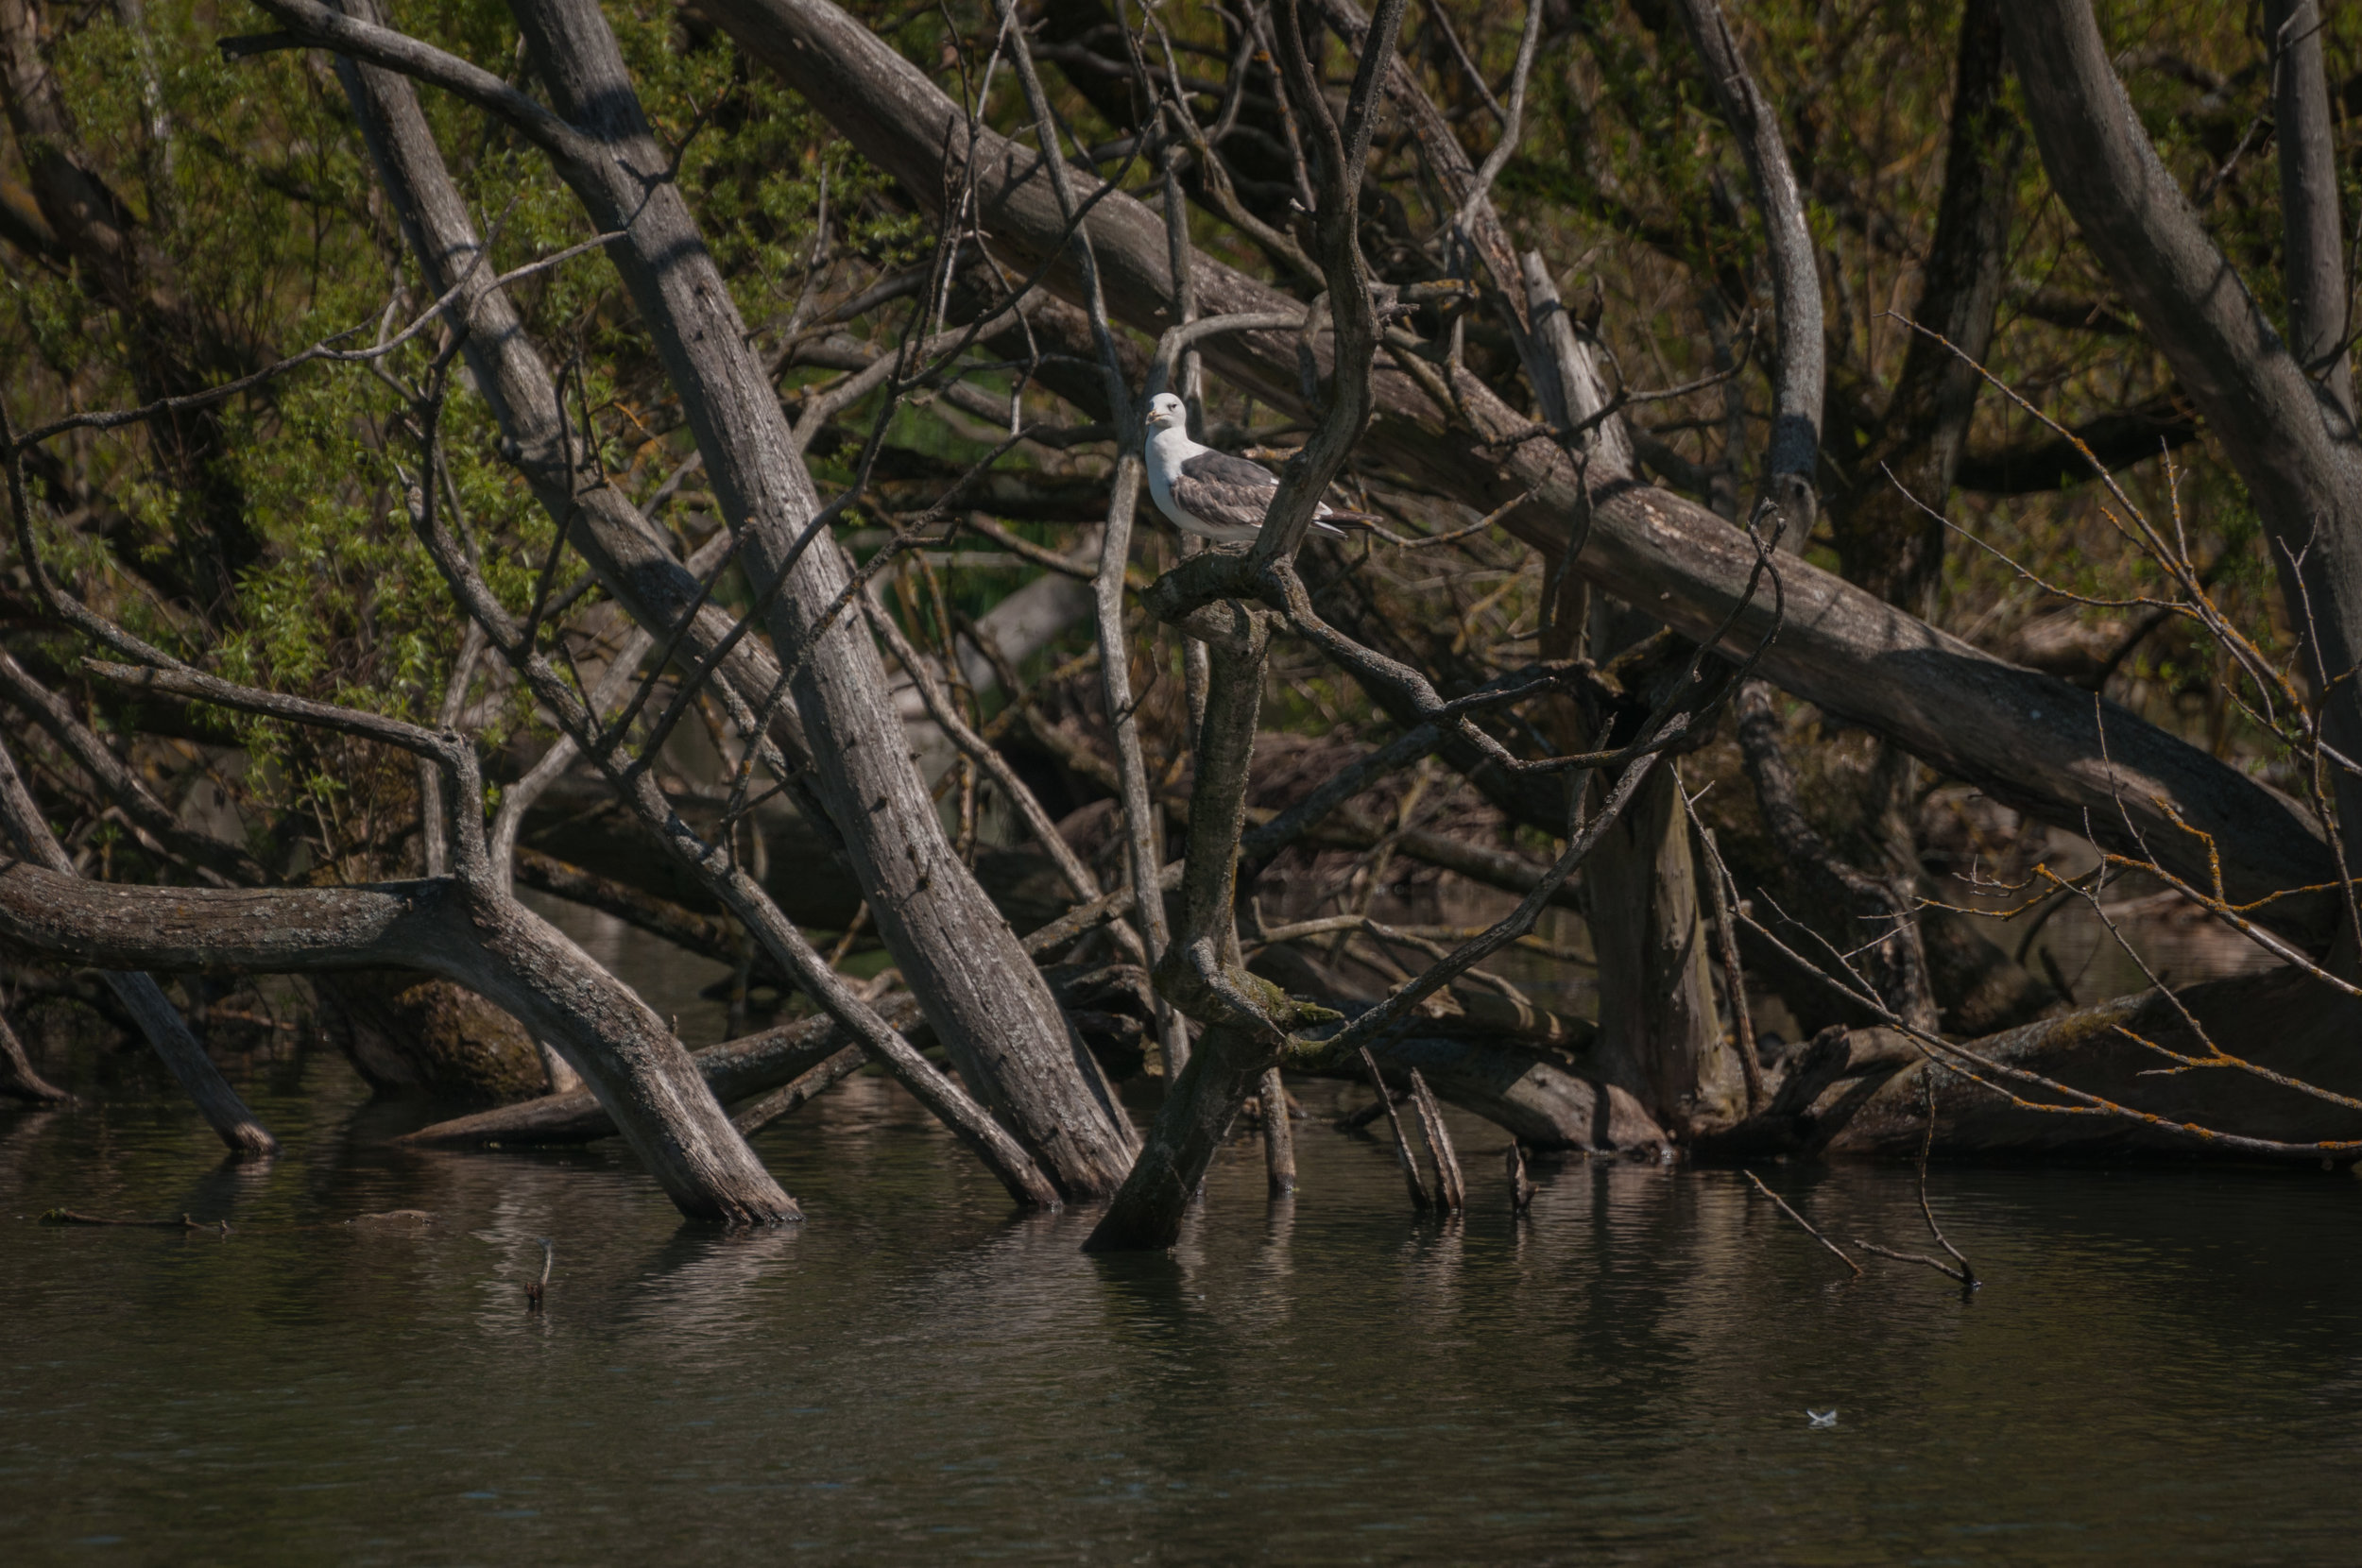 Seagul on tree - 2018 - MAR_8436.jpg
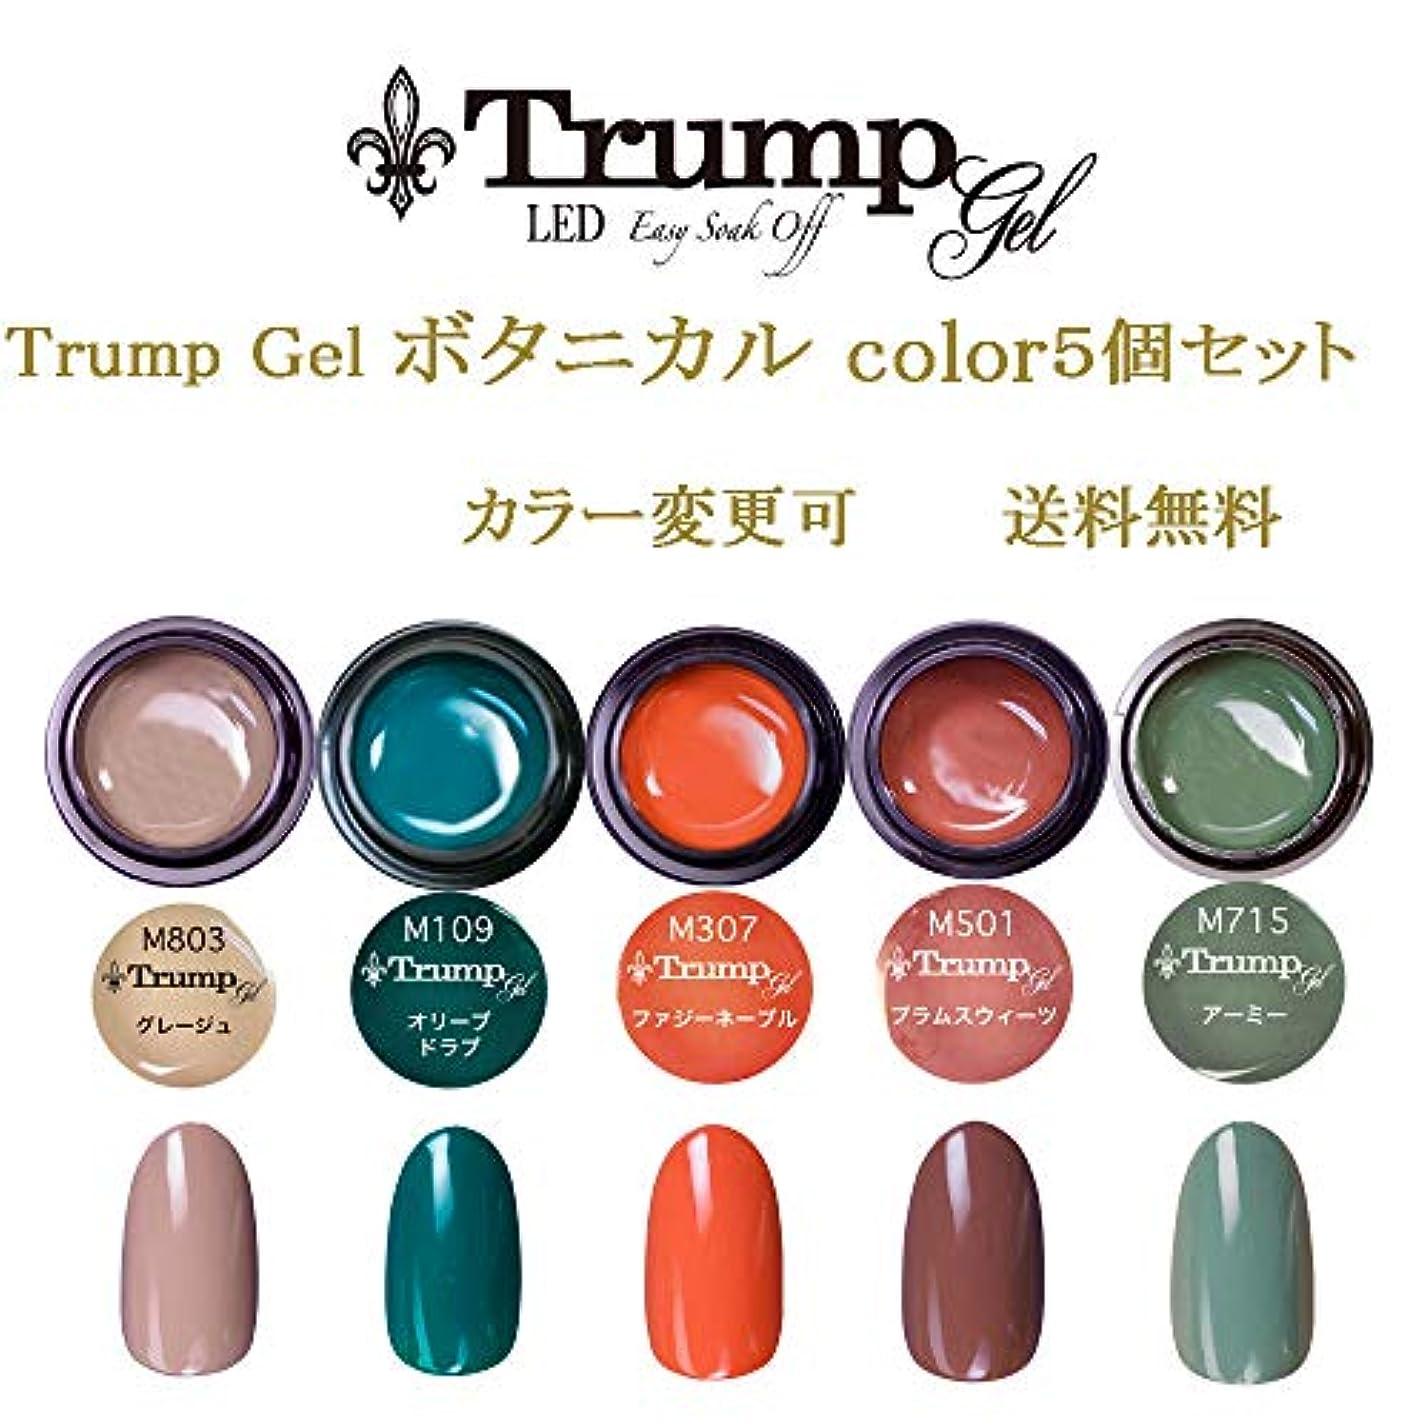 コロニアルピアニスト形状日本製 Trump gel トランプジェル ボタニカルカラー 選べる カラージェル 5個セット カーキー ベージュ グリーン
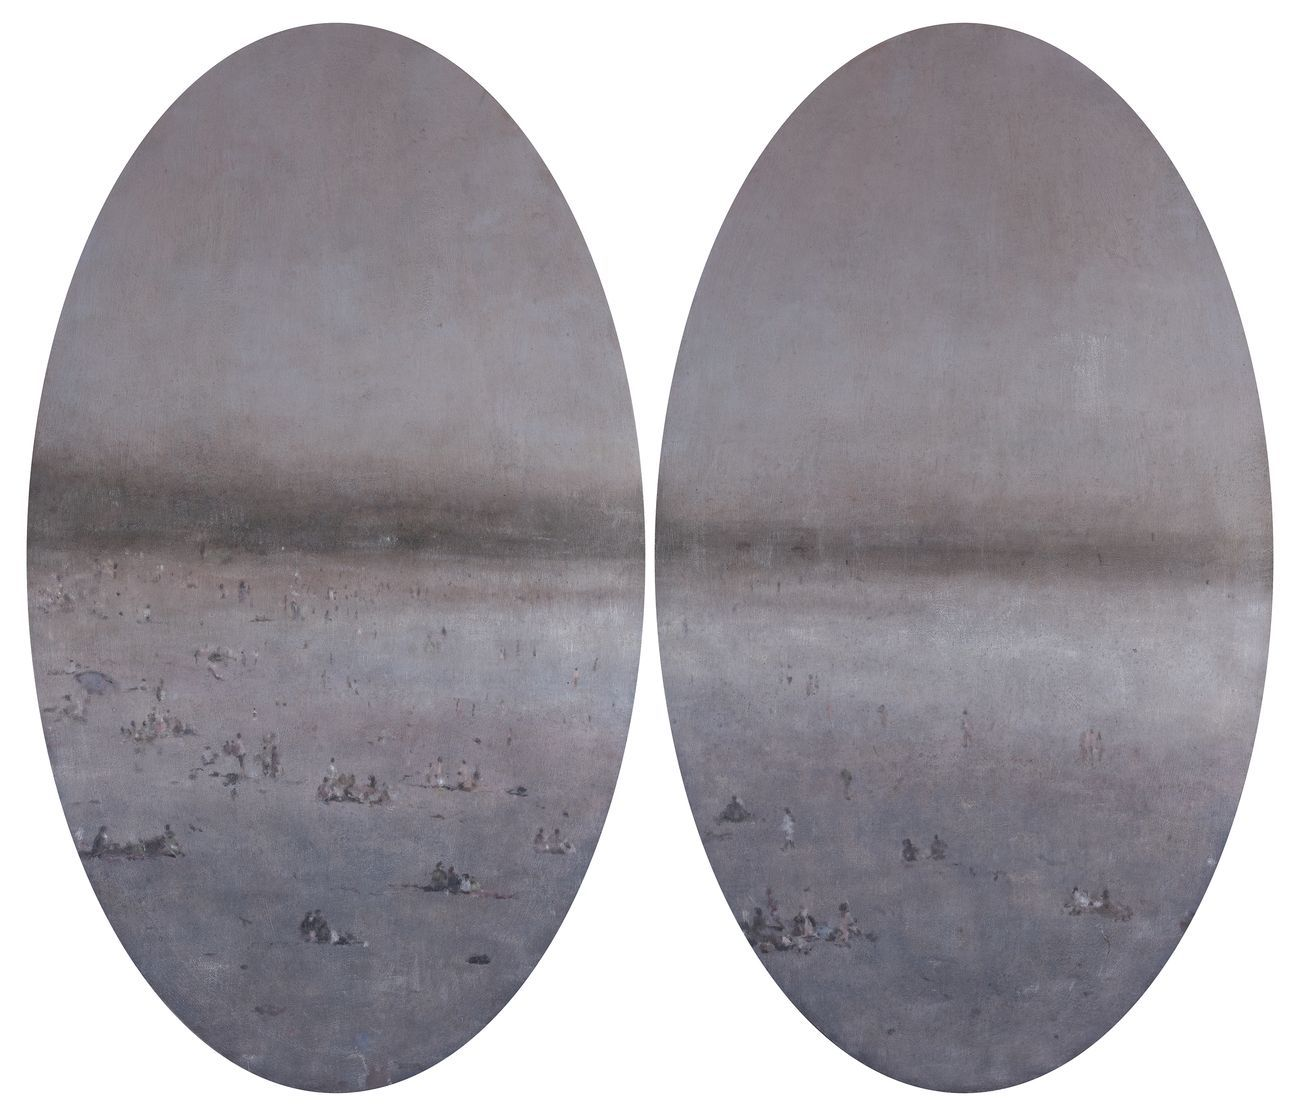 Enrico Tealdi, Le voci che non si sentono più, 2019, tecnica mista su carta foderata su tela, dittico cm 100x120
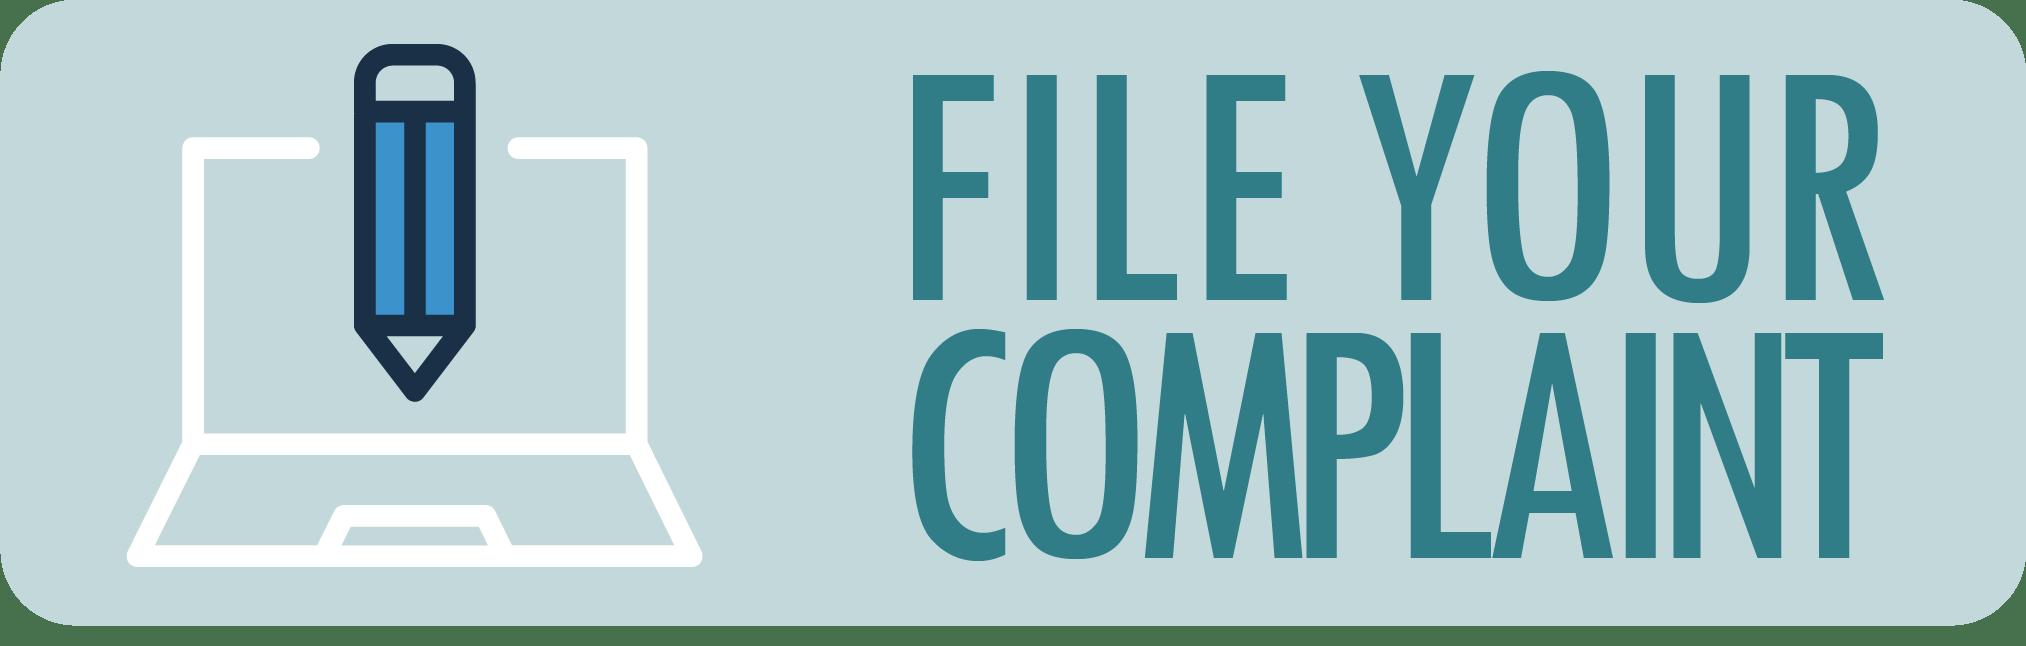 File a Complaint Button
□ □ □ □ □ □ □
- **DIRECTIONS FOR THIS TASK**: Would you return the material above exactly, apart from its pictures?

- **TASK ANSWER**:
 Seagul on tree - 2018 - MAR_8436.jpg
 コロニアルピアニスト形状日本製 Trump gel トランプジェル ボタニカルカラー 選べる カラージェル 5個セット カーキー ベージュ グリーン
 Enrico Tealdi, Le voci che non si sentono più, 2019, tecnica mista su carta foderata su tela, dittico cm 100x120
 File a Complaint Button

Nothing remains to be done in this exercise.